Thanks Jonathan. The Goodman acolytes will not respond. Wish they would but they never do.
Steve
Devon, did you read the part about how there are generally not significant savings for generic drugs? It’s the brand name drugs where the program really makes a difference, and there is no shortage there.
The reason is that the price of the brand drugs in the market is not the market clearing price. You are assuming perfect competition. You cannot make that assumption. In fact, brand drugs are protected by patent, so they are able to restrict competition and command a premium price. Pharma companies make enormous profits on these drugs (pharma has the highest profit margins any large US industry, matched only by investment banking). Even if prices are cut substantially, it will still be profitable to sell these drugs, which is why the pharma companies sell brand drugs to European nations, Medicaid and 340B.
As for the generics, margins are indeed much lower. I’m going to take a wild guess and say that is why the 340B program doesn’t extract substantial discounts on these drugs: it takes the business conditions into consideration. And then there is Steve’s point that this program only accounts for 2% of the drug market.

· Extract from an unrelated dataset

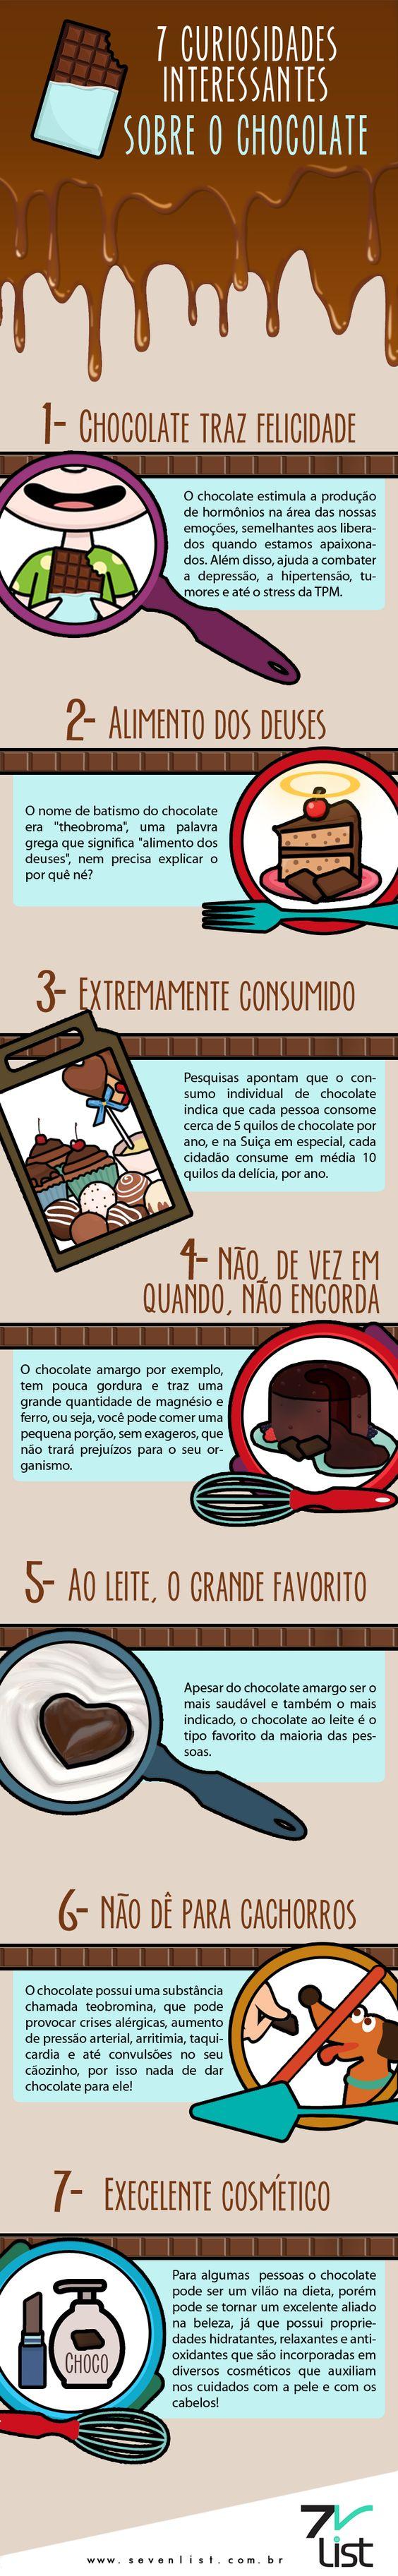 #infográfico #infographic #design #chocolate #chocólatra #delicia #doce #curiosidades #felicidade #alimento #engordar #saúde #bem-estar #aoleite #cachorro #cosmético #chocolateamargo:

” purchases under the program make up less than 2 percent of the U.S. prescription drug market. We think it is reasonable to believe that shortages probably have more to do with the other 98 percent of the market.”
How do lower prices for 2% of the market cause shortages? Even if they were given out free, the prices for generics vary by more than 2% across the country and even at facilities 2 miles apart. Did these shortages occur only for 340B drugs? Why would it affect some generics and not others?
My surgicenter pays 15% more for Propofol than does my hospital. Both saw shortages.
Steve
I’m wholly in agreement with Dr. Herrick. The post by Slafsky simply lacks credibility. Below-market prices in health care breed restricted access and increased waiting. Worse, it’s increasingly harder for seniors and the disabled on Medicare to find doctors who will see them. People on Medicaid are having to turn to community health centers and safety net hospital emergency rooms for the care they need. And SCHIP children face long waits. Not surprisingly, the newly insured in Massachusetts find it much harder to see doctors than the privately insured. Why should the market for drugs be any different? Hint: it won’t. Like Herrick, I think this is Econ. 101.
Comment via Health Affairs Blog
John Goodman says:
I’m not quite sure how to respond to Ted Slafsky. He insists that the 340B program has in no way caused the current and growing shortage of drugs available to hospitals. He then says:
“We wrote to Secretary Leavitt to inform him that some pharmaceutical companies, most notably those that make the blood product intravenous immunoglobulin (IVIG), were refusing to sell their products to 340B providers, ostensibly because there was no supply. In fact, there was plenty of supply available to commercial and retail entities that contracted directly with the companies, but nothing available to 340B providers.”
Let’s see if I understand what I just read. Every buyer who was paying the market price had no difficulty getting the drug. But those that were paying below market could not get it. Slafsky can’t tell us why that was, but he is sure that it had nothing to do with price.
Really?
Mandating a price that’s below the market clearing price always results in a shortage, as demand exceeds supply. That is a fundamental tenant of economics. Moreover, generic drugs are largely a commodity market, with slim profit margins. It makes sense that some generic drug makers would not be enthusiastic to provide injectable drugs at below-market prices.